"Why should you give me anything at all?"

"Because I want to; because I—like you, Ownie.... Tell me what I can get for you."

He leant nearer to her. She quivered in realising what he meant. Her physical impulse was to repel him, and the cravings of her mind tempted her to let him hope. She hesitated a moment.

"Get me some sweets, then," she said unsteadily. "I must go, or I shall be late."


[CHAPTER IV]

When the time came for him to return to town, Mrs. Tremlett's first-floor lodgers left her, and Lee took the vacant rooms. Though his headquarters were in London, it was understood that he meant to run down to Brighton very often during the winter, and he explained that he would find private apartments more to his taste than an hotel.

Telegrams from different places were received from him every few days, and in Sunnyview House the theatrical element in his nature, found its supreme expression. Profuse at all times, he surpassed himself here. He was infatuated—blind to everything but the passion that had sprung up in him—and he meant to show the woman whom he burned to marry the sort of thing he could bestow on his wife. The housemaid, accustomed to speculating whether the parting tip would be a half-crown or five shillings, was dumfounded by a sovereign almost as often as he rang the bell; the supply of roses in his room made it look like a flower-show; prize peaches were ordered, only that they might be left to rot on the sideboard, and he had two bottles of champagne opened daily for the effect of banishing them to the kitchen three-parts full.

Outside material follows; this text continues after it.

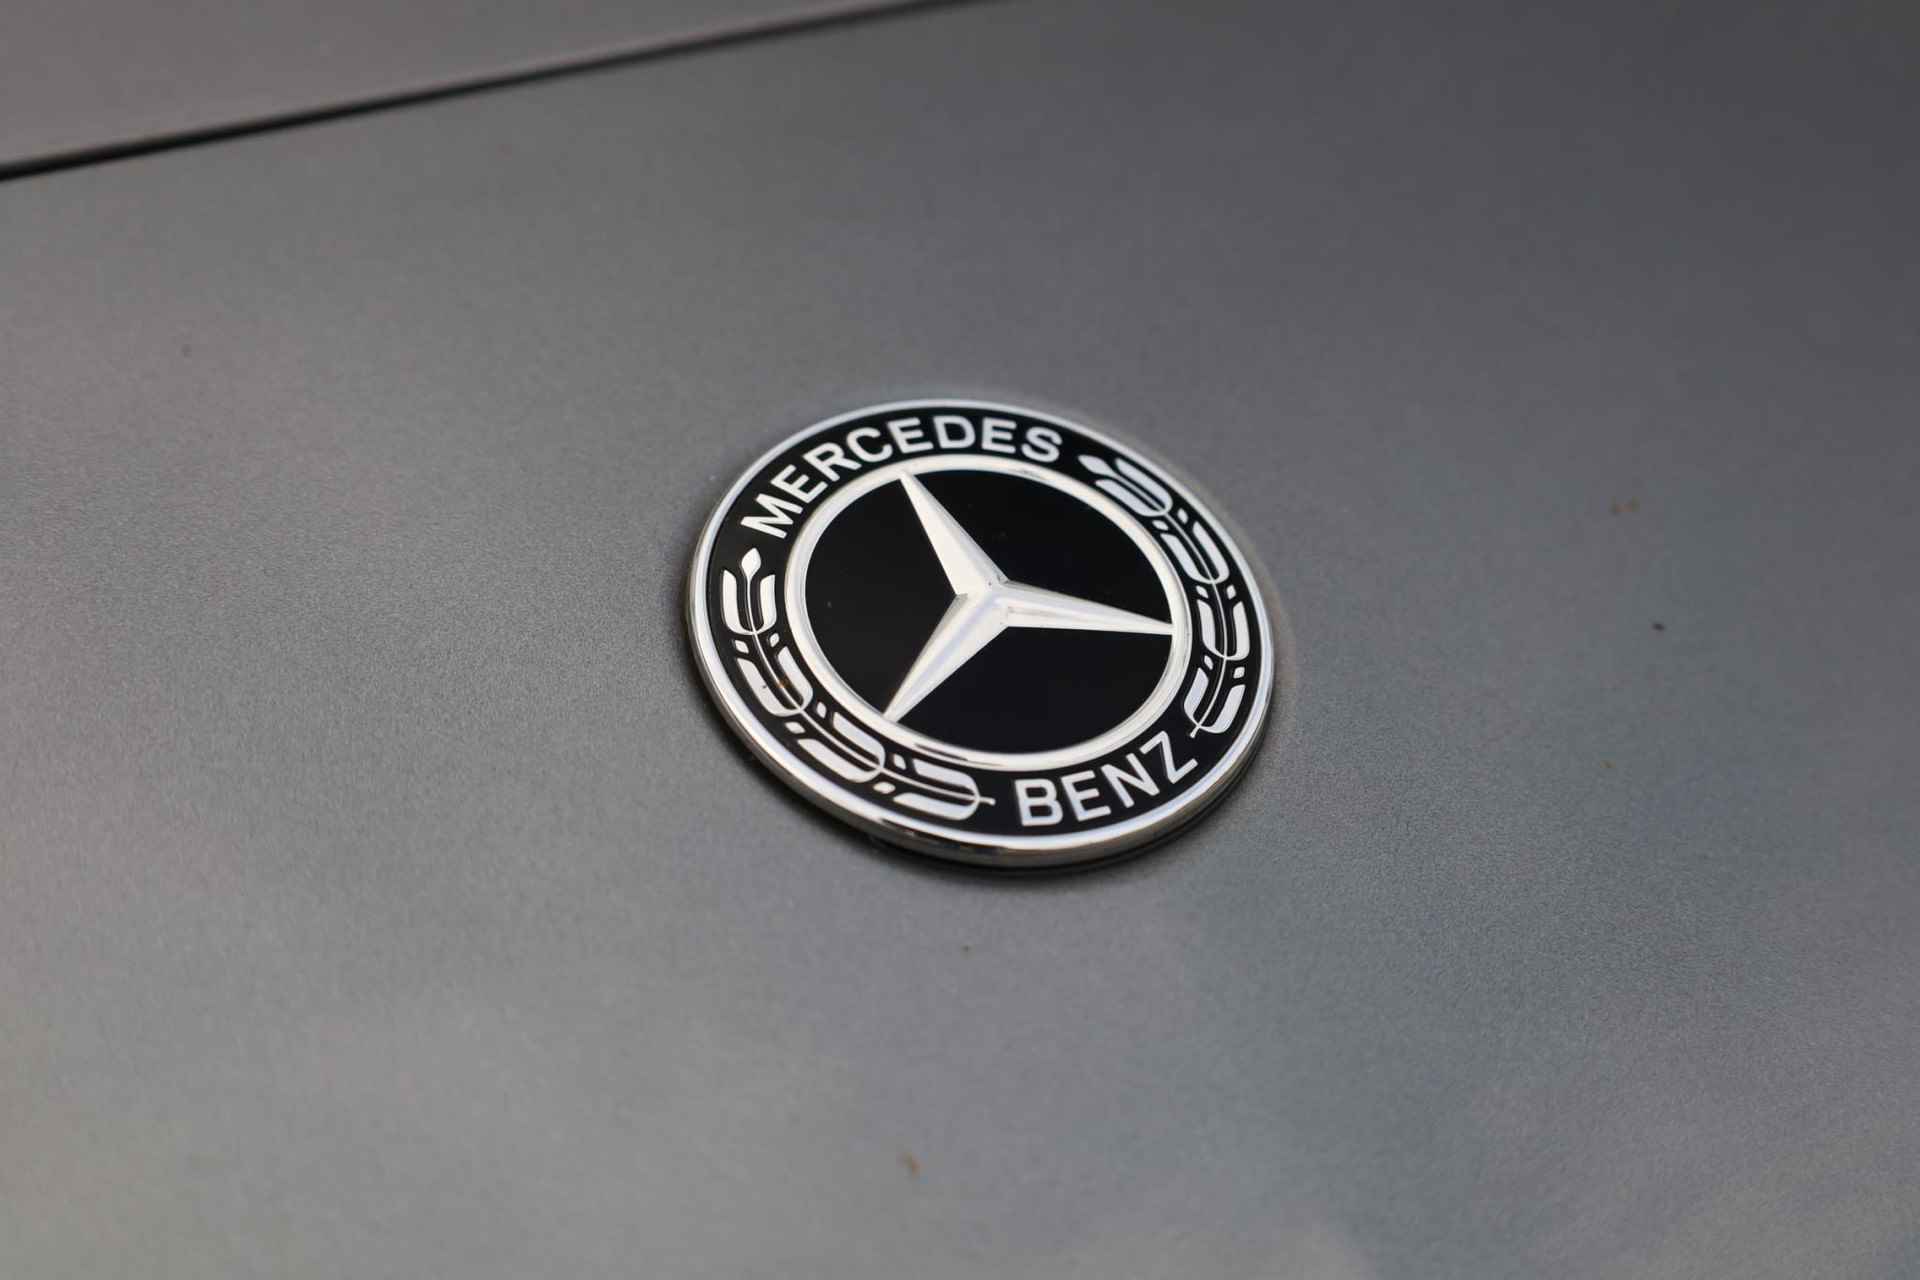 Mercedes-Benz A-klasse 200 Business Solution AMG 163PK / 120kW automaat, Leder / alcantara, winterset LMV, digitaal dashboard, navigatie, LED verlichting voor en achter, 18" LMV, stoelverwarming, parkeersensoren voor en achter, AMG bumpers - 9/44

He had not failed, either, to place a liberal interpretation upon "sweets." The rain of bonbons and bouquets that descended on the discontented blonde in rusty crape could hardly have been more persistent if she had been a prima donna, and his prodigality made the desired sensation in a household where the "drawing-rooms" usually took mental photographs of the joints before they were removed. Mrs. Tremlett it horrified, but to her daughter there was a strong fascination in it, a fascination even more potent than it exerted over the servants—a class who rejoice at extravagance, whether it be their own or other people's. She was not backward in deriving the moral; she, too, might enjoy this lavish life if she allowed him to ask her! The chance had befallen her so suddenly that it dizzied her. She felt strange to herself; she could not realise her point of view. His admiration for her had improved his appearance very much, but it could not quell the race prejudice entirely. She knew that if he had been a nonentity she would have found his homage preposterous; and ardently as she longed to embrace the life that he could open to her, she shrank from the thought of embracing the man.

She was aware, nevertheless, that she was precipitating a moment when it would be necessary for her to take a definite course, and she was not surprised to hear Mrs. Tremlett broach the subject to her one afternoon. The landlady was making out the dining-room bill, and Ownie had been sitting upstairs, in the twilight, while Lee sang to her at the grand piano that he had hired as soon as he was installed. In the morning he practised his cadenzas and phrases alone, but in the afternoon he sang, and had begged her to go up, assuring her that a vocalist needed someone present at such times; he had omitted to add that he needed a true musician. To sing to her intoxicated him. To listen to him stimulated her. When his fancy ran riot and he thought of falling at her feet (to fall at her feet was his mental picture), he always saw himself doing it in an hour like this—while the dusk befriended him, and his voice was pleading in her senses.